Task to complete:
Once the line containing "Luxury holiday golden" is found in the entries below, reproduce it and every line after it, stopping at and including the line containing "MovieStarPlanet Fashion Hairstyle"; reproduce nothing else, and keep each line exact.

Provided data:
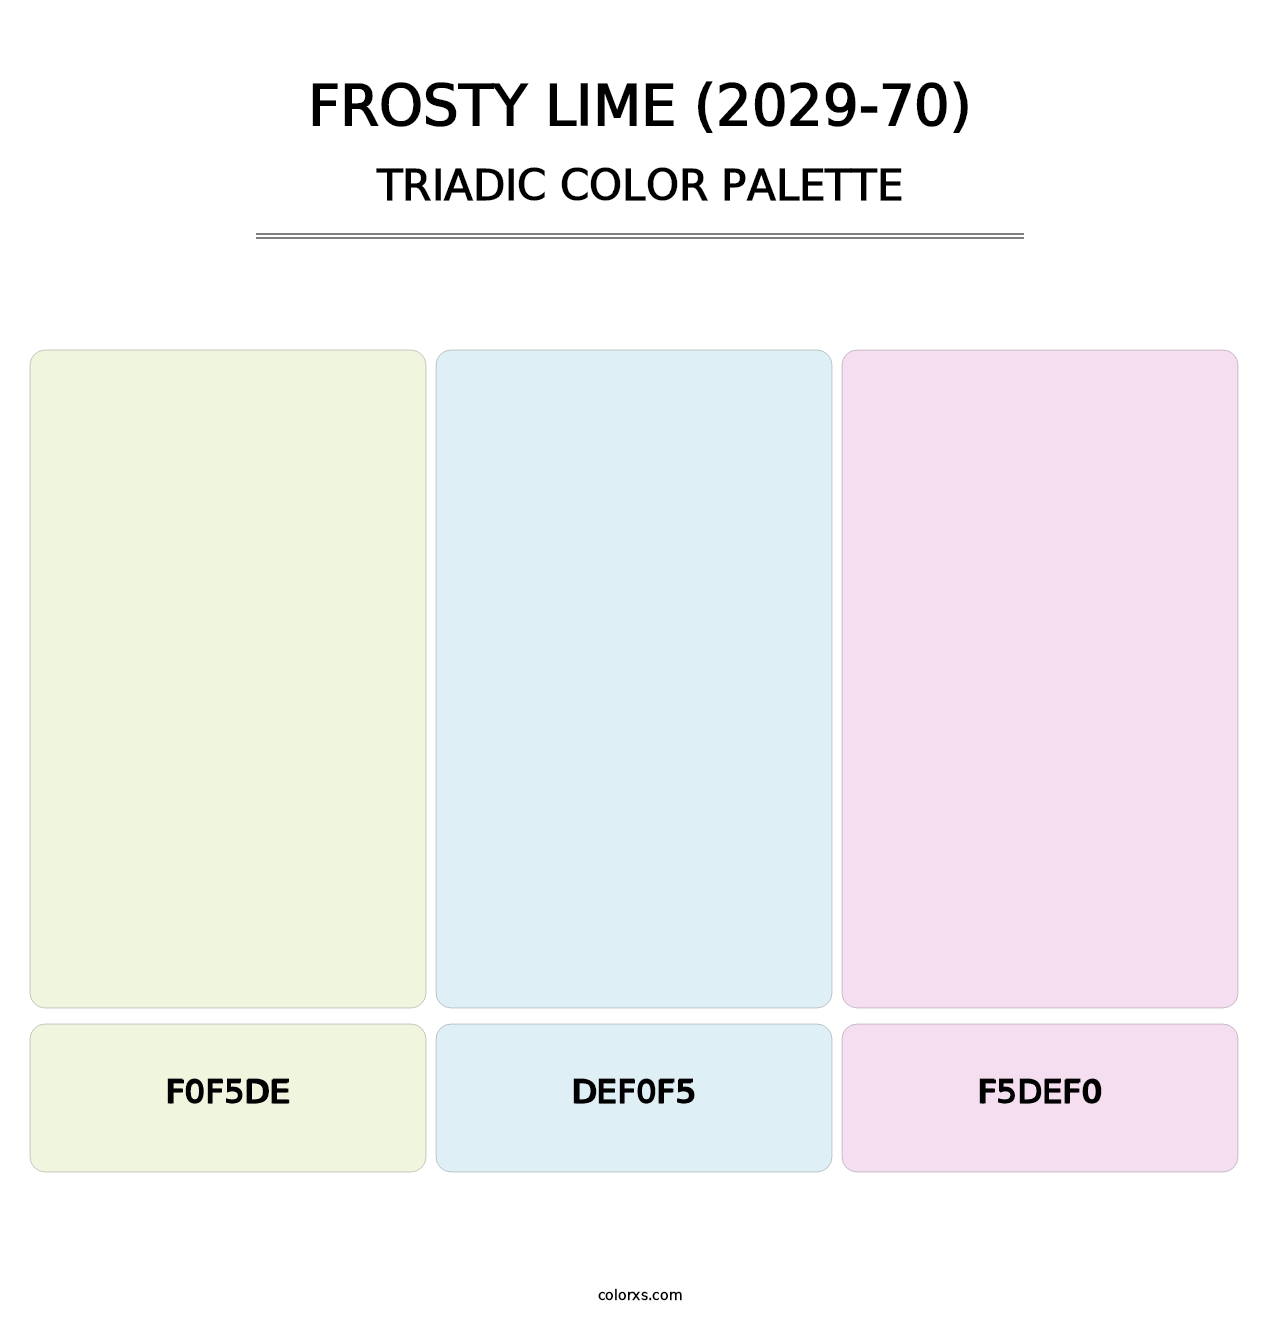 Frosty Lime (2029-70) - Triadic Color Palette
* * *
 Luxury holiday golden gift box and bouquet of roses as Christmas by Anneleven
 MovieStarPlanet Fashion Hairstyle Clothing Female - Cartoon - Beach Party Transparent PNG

Answer to this task:
 Luxury holiday golden gift box and bouquet of roses as Christmas by Anneleven
 MovieStarPlanet Fashion Hairstyle Clothing Female - Cartoon - Beach Party Transparent PNG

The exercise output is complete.